START COLLECTED MATERIAL

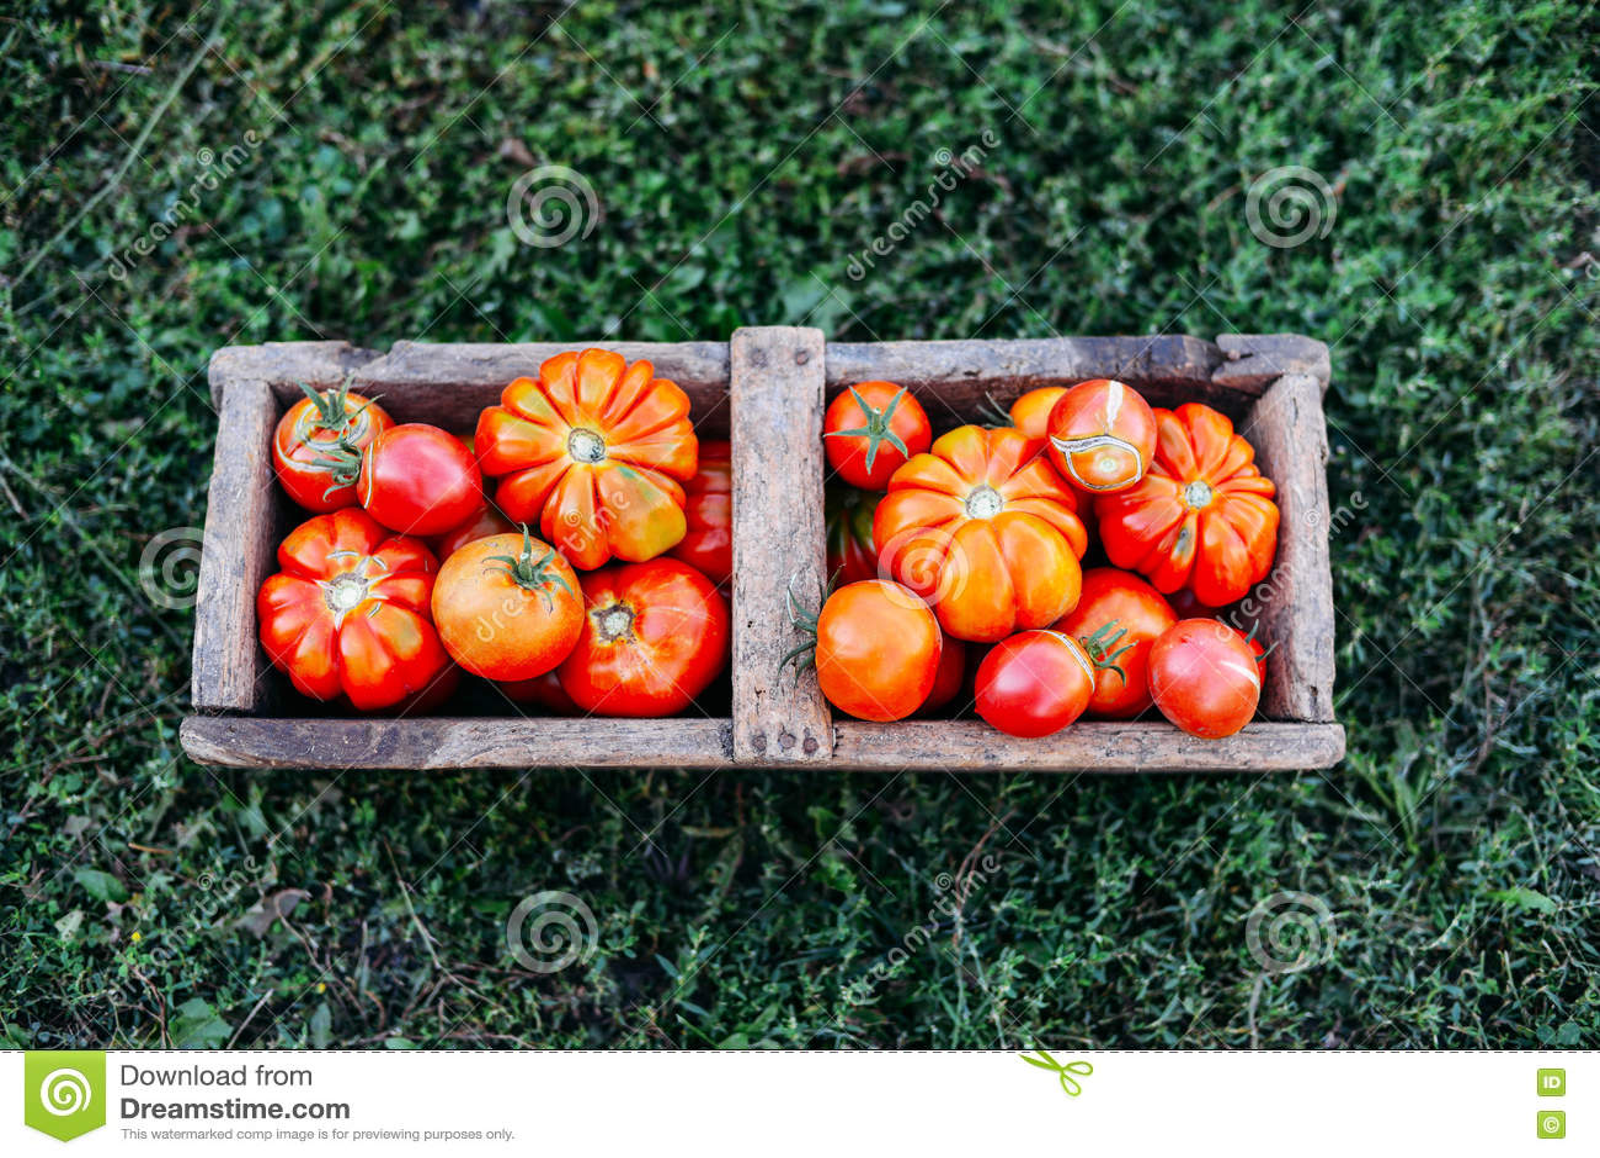 Pomodori assortiti in sacchi di carta marroni Vari pomodori in ciotola
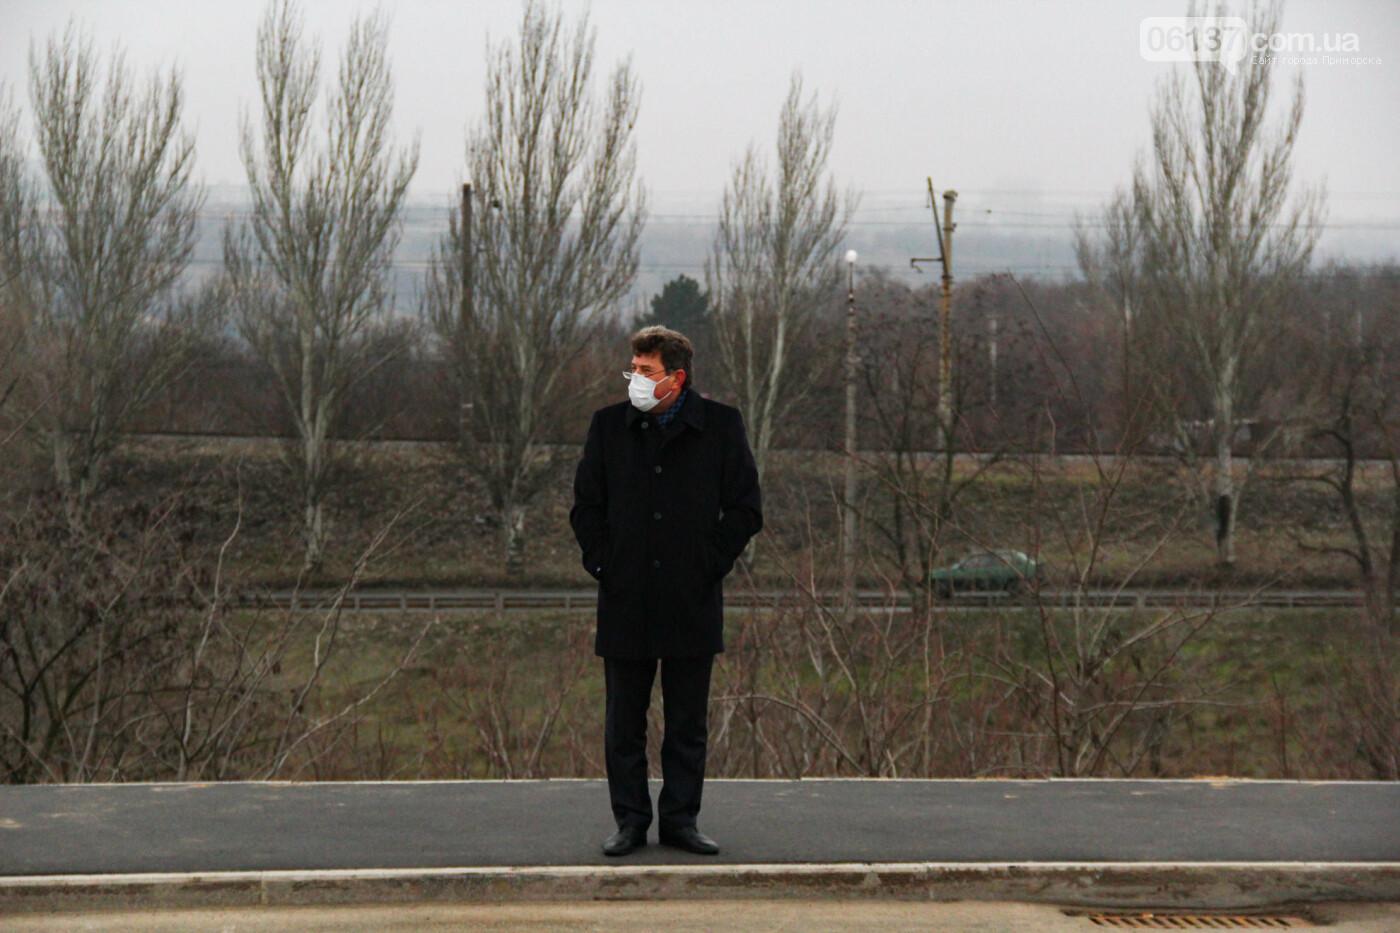 Запорожские журналисты опубликовали фотокурьез поводу мэра Буряка на новом мосту. Фото, фото-1
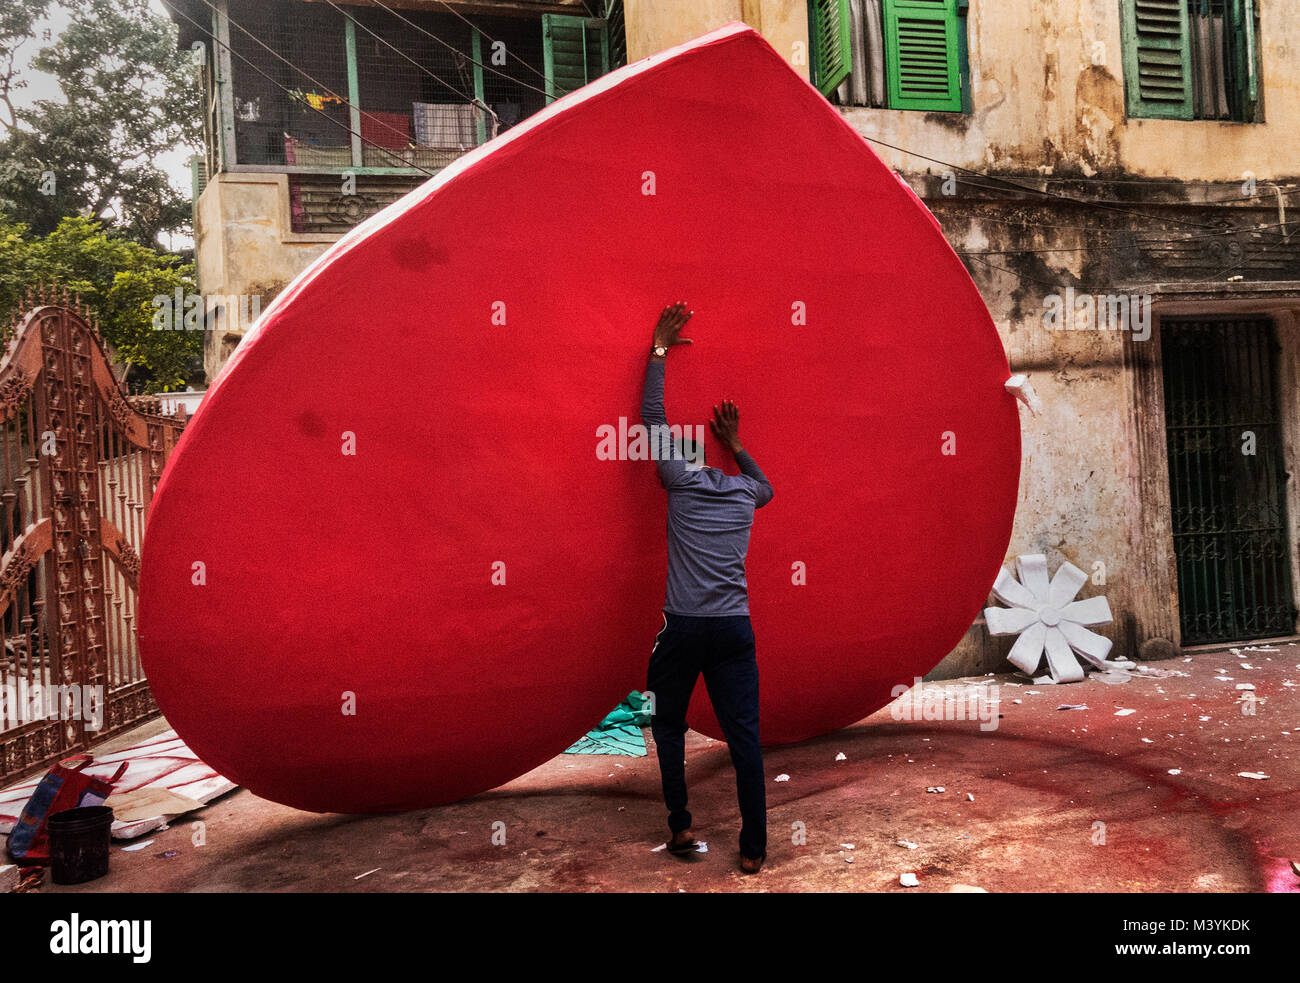 Kolkata. India. 13th Feb, 2018. An artist parepares decorative items for Valentine's Day in Kolkata, India on - Stock Image

END COLLECTED MATERIAL

● EXERCISE REQUIREMENTS
Return the data above unchanged. Pictures are not part of the copy.

● EXERCISE RESULT
 Pomodori assortiti in sacchi di carta marroni Vari pomodori in ciotola
 Запорожские журналисты опубликовали фотокурьез поводу мэра Буряка на новом мосту. Фото, фото-1
 Kolkata. India. 13th Feb, 2018. An artist parepares decorative items for Valentine's Day in Kolkata, India on - Stock Image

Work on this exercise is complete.